[Records from a dataset]
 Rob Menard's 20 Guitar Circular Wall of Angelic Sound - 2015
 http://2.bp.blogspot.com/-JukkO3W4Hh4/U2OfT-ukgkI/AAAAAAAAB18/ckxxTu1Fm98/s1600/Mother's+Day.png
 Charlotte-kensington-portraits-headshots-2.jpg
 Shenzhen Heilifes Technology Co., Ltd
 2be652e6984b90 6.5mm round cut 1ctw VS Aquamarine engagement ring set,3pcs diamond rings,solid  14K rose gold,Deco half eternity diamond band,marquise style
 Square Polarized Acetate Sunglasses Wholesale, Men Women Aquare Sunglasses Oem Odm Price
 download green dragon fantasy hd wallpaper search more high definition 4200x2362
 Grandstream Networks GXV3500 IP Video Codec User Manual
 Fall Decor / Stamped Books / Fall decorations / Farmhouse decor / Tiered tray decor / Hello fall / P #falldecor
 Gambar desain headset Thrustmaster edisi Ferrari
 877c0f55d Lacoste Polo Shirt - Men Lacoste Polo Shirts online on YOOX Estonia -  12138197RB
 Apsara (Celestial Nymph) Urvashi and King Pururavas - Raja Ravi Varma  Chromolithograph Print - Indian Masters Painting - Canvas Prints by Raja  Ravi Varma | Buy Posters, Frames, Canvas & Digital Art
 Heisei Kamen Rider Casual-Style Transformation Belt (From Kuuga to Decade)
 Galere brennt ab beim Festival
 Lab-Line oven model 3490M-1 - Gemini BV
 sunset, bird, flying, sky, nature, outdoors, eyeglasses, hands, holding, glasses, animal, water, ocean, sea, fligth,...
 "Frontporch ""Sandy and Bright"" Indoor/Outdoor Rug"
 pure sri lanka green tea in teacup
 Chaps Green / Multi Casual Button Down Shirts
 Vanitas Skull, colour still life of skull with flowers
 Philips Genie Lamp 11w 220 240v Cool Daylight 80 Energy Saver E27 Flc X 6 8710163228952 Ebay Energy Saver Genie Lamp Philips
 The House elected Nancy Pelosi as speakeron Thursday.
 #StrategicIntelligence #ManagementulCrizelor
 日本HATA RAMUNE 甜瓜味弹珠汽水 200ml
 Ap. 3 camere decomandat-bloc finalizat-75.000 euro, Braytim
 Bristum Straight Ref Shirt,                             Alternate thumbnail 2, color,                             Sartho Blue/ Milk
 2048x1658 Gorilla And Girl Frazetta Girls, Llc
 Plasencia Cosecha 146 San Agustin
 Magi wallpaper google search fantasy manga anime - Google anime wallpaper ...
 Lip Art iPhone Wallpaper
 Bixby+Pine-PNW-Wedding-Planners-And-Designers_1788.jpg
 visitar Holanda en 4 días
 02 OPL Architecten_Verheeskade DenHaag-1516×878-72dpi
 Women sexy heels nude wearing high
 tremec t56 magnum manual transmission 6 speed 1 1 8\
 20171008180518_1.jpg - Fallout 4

**Exercise objective:** Each entry should be reproduced in the output exactly.

**Response box:**
 Rob Menard's 20 Guitar Circular Wall of Angelic Sound - 2015
 http://2.bp.blogspot.com/-JukkO3W4Hh4/U2OfT-ukgkI/AAAAAAAAB18/ckxxTu1Fm98/s1600/Mother's+Day.png
 Charlotte-kensington-portraits-headshots-2.jpg
 Shenzhen Heilifes Technology Co., Ltd
 2be652e6984b90 6.5mm round cut 1ctw VS Aquamarine engagement ring set,3pcs diamond rings,solid  14K rose gold,Deco half eternity diamond band,marquise style
 Square Polarized Acetate Sunglasses Wholesale, Men Women Aquare Sunglasses Oem Odm Price
 download green dragon fantasy hd wallpaper search more high definition 4200x2362
 Grandstream Networks GXV3500 IP Video Codec User Manual
 Fall Decor / Stamped Books / Fall decorations / Farmhouse decor / Tiered tray decor / Hello fall / P #falldecor
 Gambar desain headset Thrustmaster edisi Ferrari
 877c0f55d Lacoste Polo Shirt - Men Lacoste Polo Shirts online on YOOX Estonia -  12138197RB
 Apsara (Celestial Nymph) Urvashi and King Pururavas - Raja Ravi Varma  Chromolithograph Print - Indian Masters Painting - Canvas Prints by Raja  Ravi Varma | Buy Posters, Frames, Canvas & Digital Art
 Heisei Kamen Rider Casual-Style Transformation Belt (From Kuuga to Decade)
 Galere brennt ab beim Festival
 Lab-Line oven model 3490M-1 - Gemini BV
 sunset, bird, flying, sky, nature, outdoors, eyeglasses, hands, holding, glasses, animal, water, ocean, sea, fligth,...
 "Frontporch ""Sandy and Bright"" Indoor/Outdoor Rug"
 pure sri lanka green tea in teacup
 Chaps Green / Multi Casual Button Down Shirts
 Vanitas Skull, colour still life of skull with flowers
 Philips Genie Lamp 11w 220 240v Cool Daylight 80 Energy Saver E27 Flc X 6 8710163228952 Ebay Energy Saver Genie Lamp Philips
 The House elected Nancy Pelosi as speakeron Thursday.
 #StrategicIntelligence #ManagementulCrizelor
 日本HATA RAMUNE 甜瓜味弹珠汽水 200ml
 Ap. 3 camere decomandat-bloc finalizat-75.000 euro, Braytim
 Bristum Straight Ref Shirt,                             Alternate thumbnail 2, color,                             Sartho Blue/ Milk
 2048x1658 Gorilla And Girl Frazetta Girls, Llc
 Plasencia Cosecha 146 San Agustin
 Magi wallpaper google search fantasy manga anime - Google anime wallpaper ...
 Lip Art iPhone Wallpaper
 Bixby+Pine-PNW-Wedding-Planners-And-Designers_1788.jpg
 visitar Holanda en 4 días
 02 OPL Architecten_Verheeskade DenHaag-1516×878-72dpi
 Women sexy heels nude wearing high
 tremec t56 magnum manual transmission 6 speed 1 1 8\
 20171008180518_1.jpg - Fallout 4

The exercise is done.